Scheduling Jobs and a Variable Maintenance on a Single Machine with Common Due-Date Assignment

School of Information Technology, Jiangxi University of Finance and Economics, Nanchang 330013, China

Received 13 May 2014; Revised 7 July 2014; Accepted 7 July 2014; Published 22 July 2014

Academic Editor: Ming Liu

Copyright © 2014 Long Wan. This is an open access article distributed under the Creative Commons Attribution License, which permits unrestricted use, distribution, and reproduction in any medium, provided the original work is properly cited.

Abstract

We investigate a common due-date assignment scheduling problem with a variable maintenance on a single machine. The goal is to minimize the total earliness, tardiness, and due-date cost. We derive some properties on an optimal solution for our problem. For a special case with identical jobs we propose an optimal polynomial time algorithm followed by a numerical example.

1. Introduction

Recently, as a competitive strategy to provide high quality service for customer demand, just-in-time (JIT) production has received considerable attention from the manufacturing enterprises [1]. In JIT production, jobs should be completed as close as possible to their due-dates. A job which is completed earlier or later than its due-date will incur penalty. Thus, both earliness and tardiness are discouraged in JIT production. Motivated by the JIT production, in the last two decades scheduling problem with due-date assignment has been extensively investigated. For the related surveys, we refer the readers to Cheng and Gupta [2], Baker and Scudder [3], and Gordon et al. [4]. For some recent related models on the due-date assignment scheduling, see Xu et al. [5], Gerstl and Mosheiov [6], Yin et al. [7], and Janiak et al. [8].

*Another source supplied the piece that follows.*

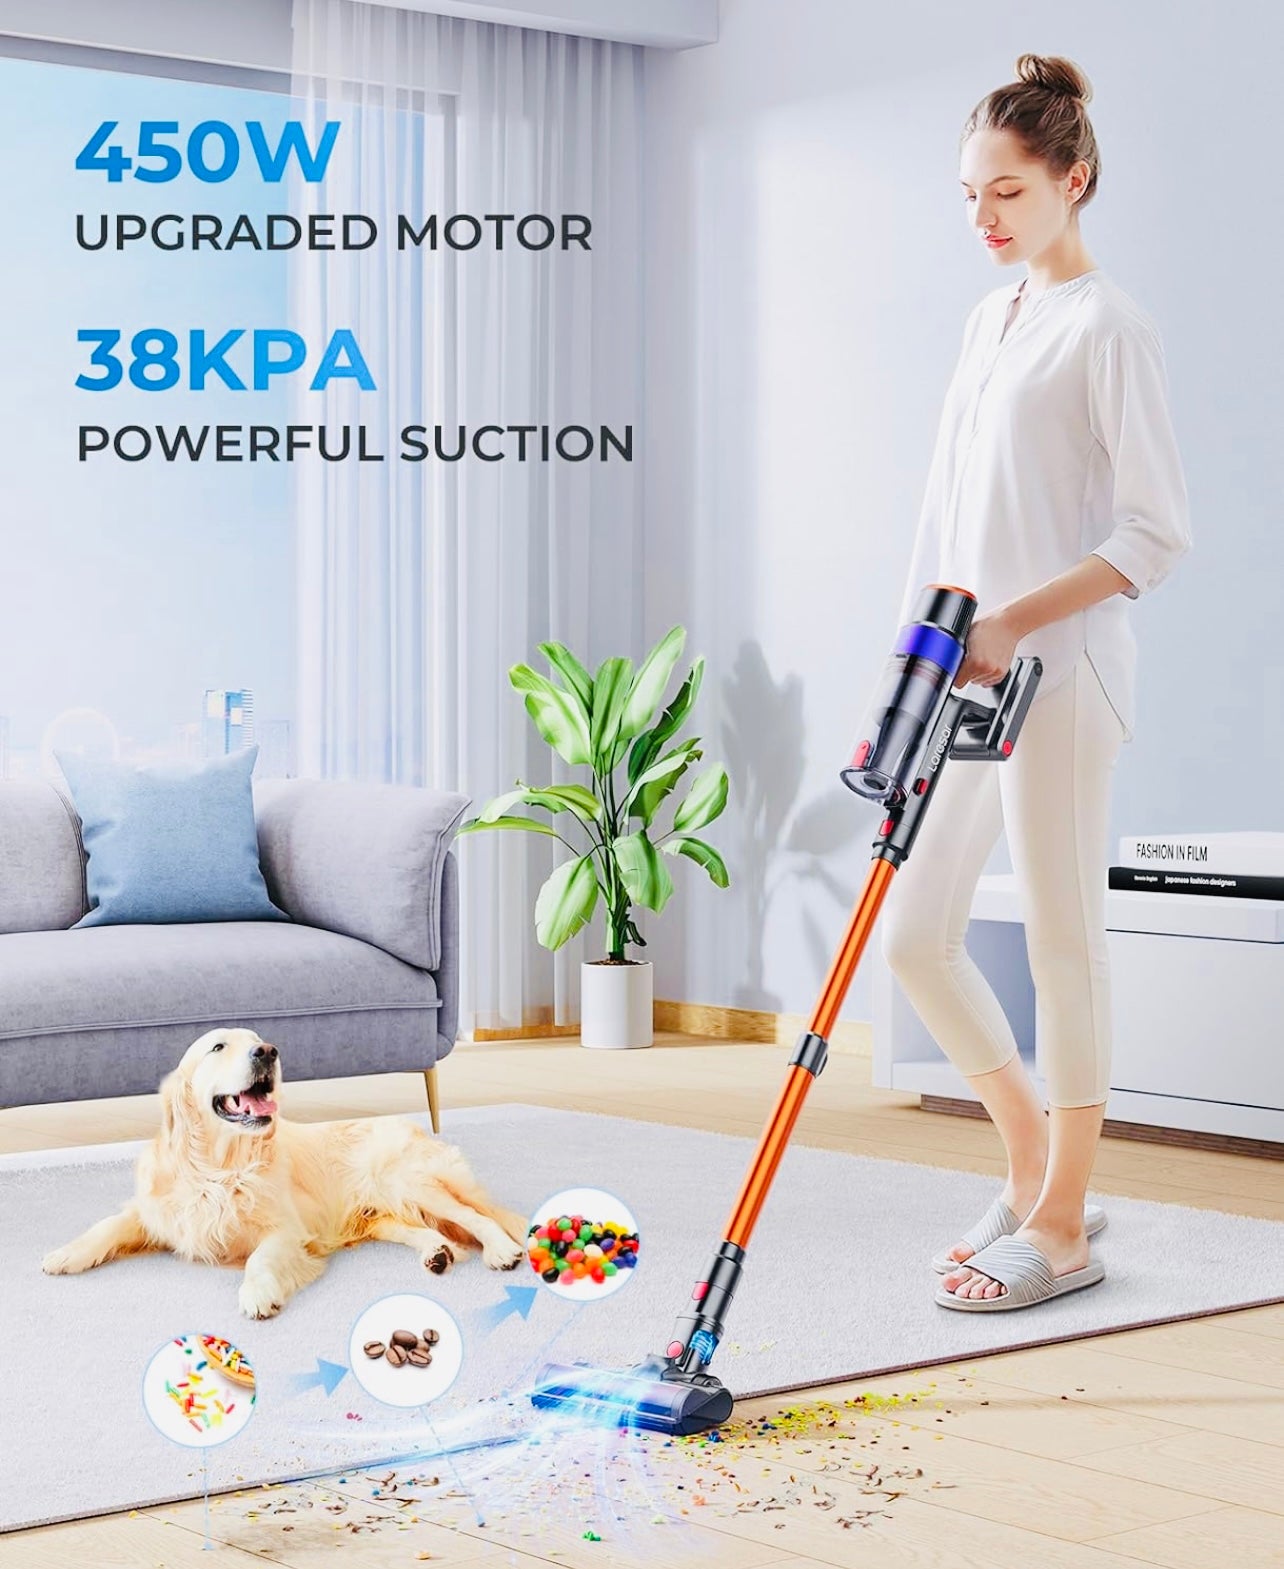 Laresar Cordless Vacuum Cleaners 450W/38KPa Stick Vacuum Cleaner with LCD Touch Screen Up to 55 Mins Runtime, Lightweight Handheld Vacuum for Hardwood Floor Carpet Pet Hair Car Stair

On the other hand, to prevent production disruption caused by machine breakdown, machine maintenance needs to be performed to perserve production efficiency. Since 1996, researchers begun to take maintenance into consideration in scheduling (see Lee [9], Lee and Chen [10], Kubzin and Strusevich [11], Mosheiov and Sidney [12], and Zhao and Tang [13]). For a maintenance (which is optional or mandatory), we usually use two parameters to define it. One is its starting time and the other is its duration. In some papers, the occupied period by maintenance was also called nonavailable interval. For the recent related survey, we refer the readers to Ma et al. [14].

In the papers by Kubzin and Strusevich [11] and Mosheiov and Sidney [12], they considered a more realistic case on the duration of maintenance. In their models, they assume the duration of maintenance is variable; that is, the duration of maintenance depends on its starting time in that the later maintenance is performed, the longer time is needed to perform the maintenance. Such maintenance can be called a variable maintenance or a deteriorating maintenance.

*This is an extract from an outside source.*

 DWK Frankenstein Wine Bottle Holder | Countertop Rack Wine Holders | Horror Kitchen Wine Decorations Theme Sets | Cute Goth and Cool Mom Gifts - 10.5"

Another popular topic in recent years is that of scheduling with simultaneous considerations of due-date assignment and maintenance. Mosheiov and Oron [15] studied a single-machine scheduling problem jointly with rate-modifying activity and common due-date assignment considerations to minimize the total of earliness, tardiness, and due-date costs. X. Y. Wang and M. Z. Wang [16] addressed a single-machine slack due-date scheduling with a rate-modifying activity for minimizing the objective function which contains the total earliness, tardiness, and the common slack time costs. Yang et al. [17] investigated single-machine common due-date assignment and scheduling problems with an aging effect under a deteriorating maintenance consideration simultaneously. Yin et al. [18] considered a common due-date assignment and scheduling problem with a rate-modifying activity to minimize the due-date, earliness, tardiness, holding, and batch delivery cost.

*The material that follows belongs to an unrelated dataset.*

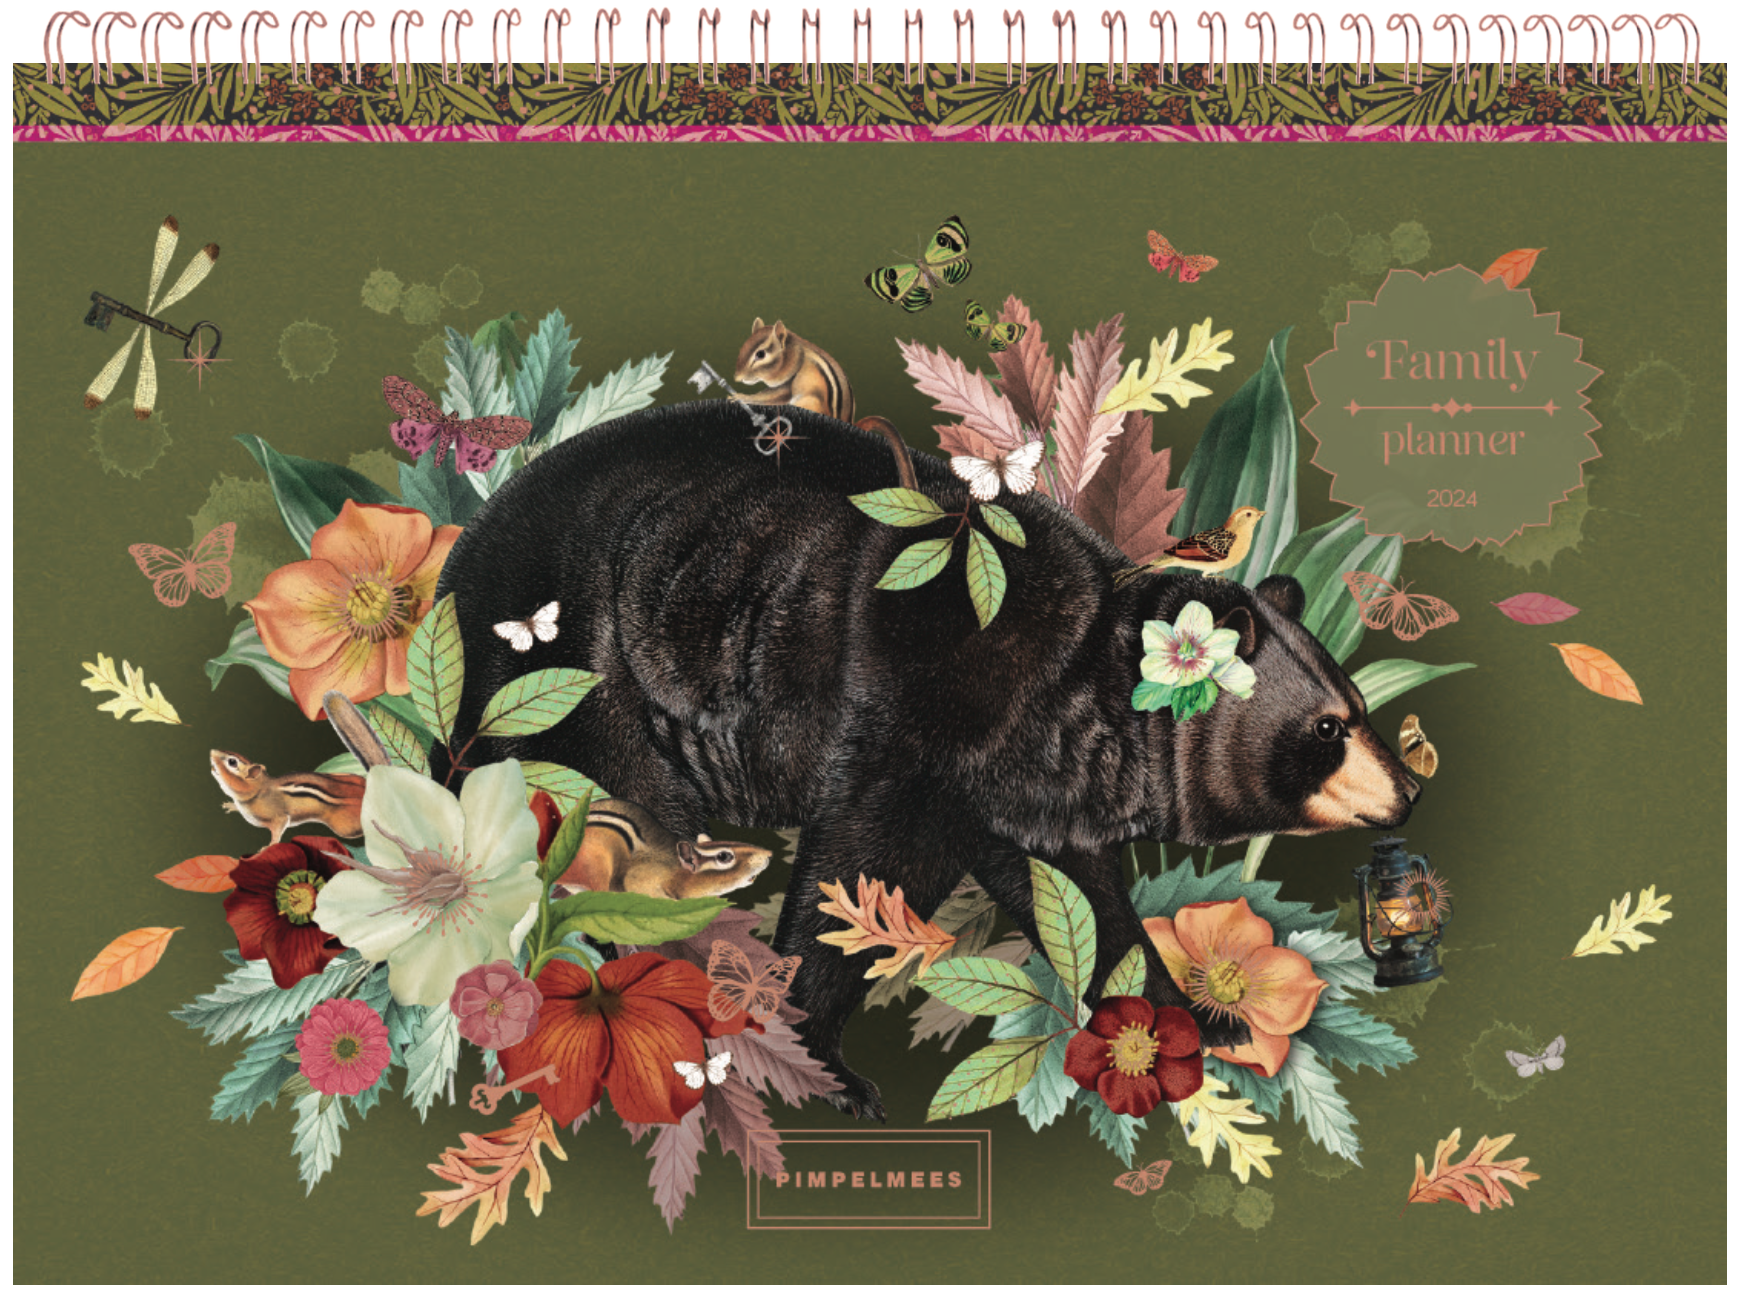 Pimpelmees family planner 2024 - Bear Olive

In this paper we introduce a new scheduling model which combines the due-date assignment and the machine maintenance. We assume that the duration of maintenance is variable and the maintenance must be started prior to a given deadline.

As a practical example for the proposed model, we may consider the steel-making process in the steel plant [19]. In the steel-making process, a charge, that is, a concurrent smelting in the same converter, is regarded as a “job.” A refining furnace is used to refine the charges. Naturally, the refining furnace is regarded as “the machine.” In the refining process, there will be some garbage. Before a given deadline, we must clear the garbage to maintain the production efficiency and thus the clearing operation can be regarded a maintenance.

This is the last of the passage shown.